The Australian Signals Directorate (ASD) has expanded its Top 4 cyberthreat mitigation measures to ‘Essential eight’. ASD is responsible for providing cybersecurity guidance and setting policies for all Australian government departments and agencies. ASD's Australian Government Information Security Manual (ISM) provides supporting guidance. , while there is specific guidance for mitigating denial of service, securely using cloud computing and enterprise mobility, including personally-owned computing devices.
The ASD guidance has expanded its scope from targeted cyber intrusions (e.g. those executed by advanced persistent threats) to ransomware, external adversaries with destructive intent, malicious insiders, 'business email compromise' and industrial control systems. Insider threats, whether malicious or inadvertent and risks arising from increasingly networked and automated industrial control systems represent two of the biggest concerns in cybersecurity today.
‘Strategies to Mitigate Cyber Security Incidents’ replaces the ‘Strategies to Mitigate Targeted Cyber Intrusions’. The latter consisted of 35 strategies, of which the ‘Top 4’ mitigation strategies, have been mandatory for Australian government agencies, since April 2013.
According to ASD, at least 85% of the techniques used in cyber intrusions could be mitigated by implementing the ‘Top 4’. These were considered to form the cybersecurity baseline for all organisations. The new ‘Essential eight’ mitigation strategies, which include the previous Top 4 will form the new baseline.Any organisation that has been compromised, despite properly implementing these mitigation strategies is encouraged to notify ASD. These are customisable to each organisation based on their risk profile and the threats they are most concerned about.

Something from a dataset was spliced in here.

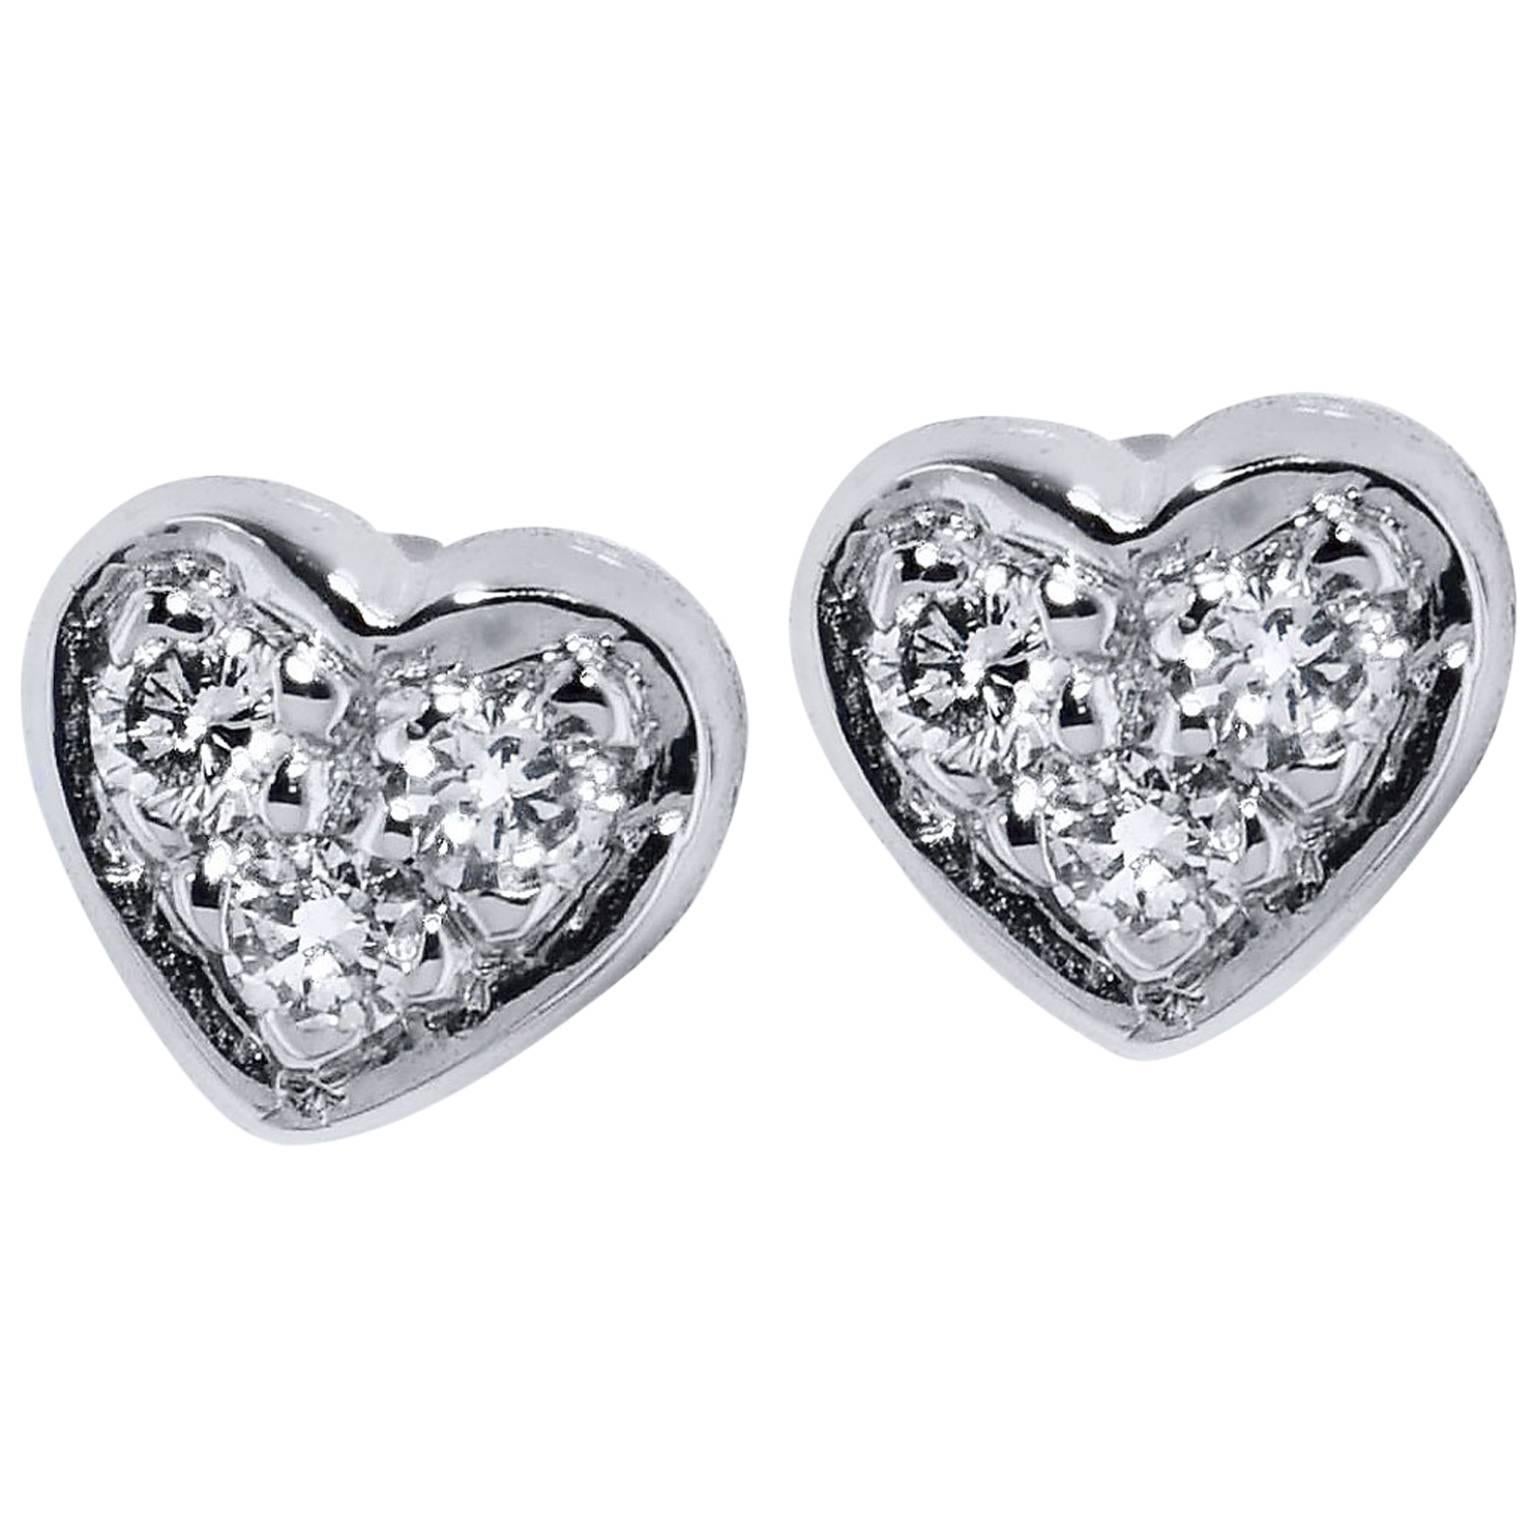 H & H 0.05 Carat Diamond Heart Stud Earrings

The companion Strategies to Mitigate Cyber Security Incidents – Mitigation Details document provides updated implementation guidance for the mitigation strategies.

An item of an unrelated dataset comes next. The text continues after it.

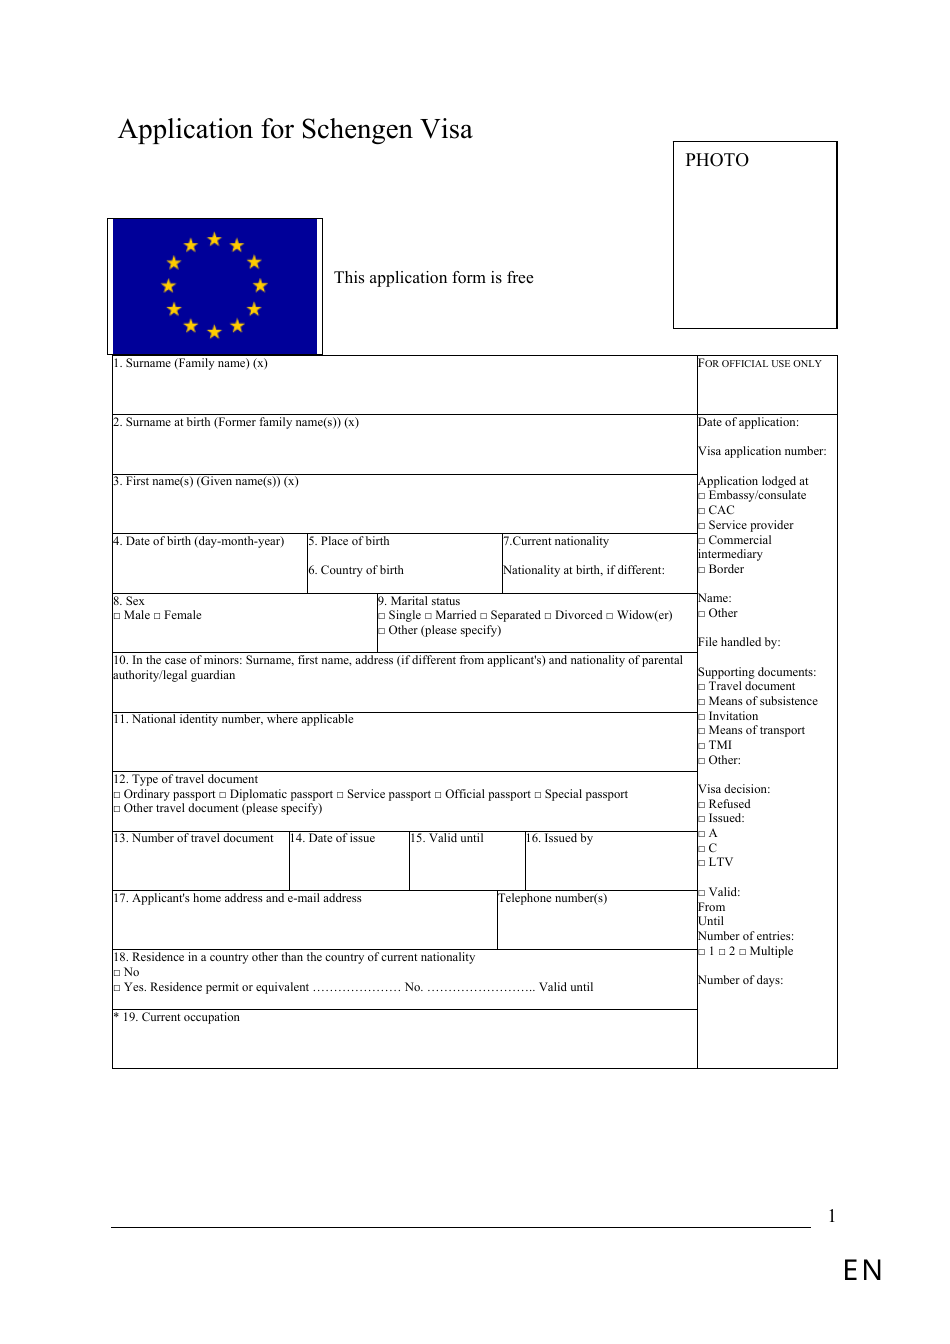 Schengen Visa Application Form - Luxembourg, Page 1

The complete list consists of 37 mitigation strategies. Three new ones have been introduced to recover data and system availability, while two logging mitigation strategies have been combined into one. Each one is rated on relative security effectiveness rating as Essential, Excellent, Very good, Good or limited. They are also rated as high, medium or low on potential user resistance, upfront cost (staff, equipment, technical complexity and ongoing maintenance cost (mainly staff), to give an idea of possible implementation challenges.
The Essential Eight are classified into two categories, the first focused on prevention and the second on minimising impact:
To prevent malware running
- Application whitelisting (Top 4)
- Patch Applications (Top 4)
- Disable untrusted Microsoft Office macros
- User application hardening (for instance, Block web browser access to Adobe Flash Player web ads and untrusted Java code on the Internet.)
To limit the extent of incidents and recover data
- Restrict administrative privileges (Top 4)
- Patch operating systems (Top 4)
- Multi-factor authentication
- Daily backup of important data
ASD advises organisations to identify their assets and perform a risk assessment to identify the level of protection required from various threats, before implementing mitigation strategies. It underlines the need for motivators, such as a detected cyber security incident, a penetration test or mandatory data breach reporting to improve their cybersecurity posture, supportive executives, access to skilled cybersecurity professionals and adequate financial resources. Motivators include a detected cyber security incident, a penetration test, mandatory data breach reporting, mandatory compliance, and evidence of a lower cyber security posture or higher threat exposure than previously realised.
ASD advises implementing strategies first for high risk users and computers, such as those with access to important (sensitive or high-availability) data and exposed to untrustworthy Internet content, and then implement it for all other users and computers. Hands-on testing is a necessary subsequent step to verify the effectiveness of their implementation of mitigation strategies.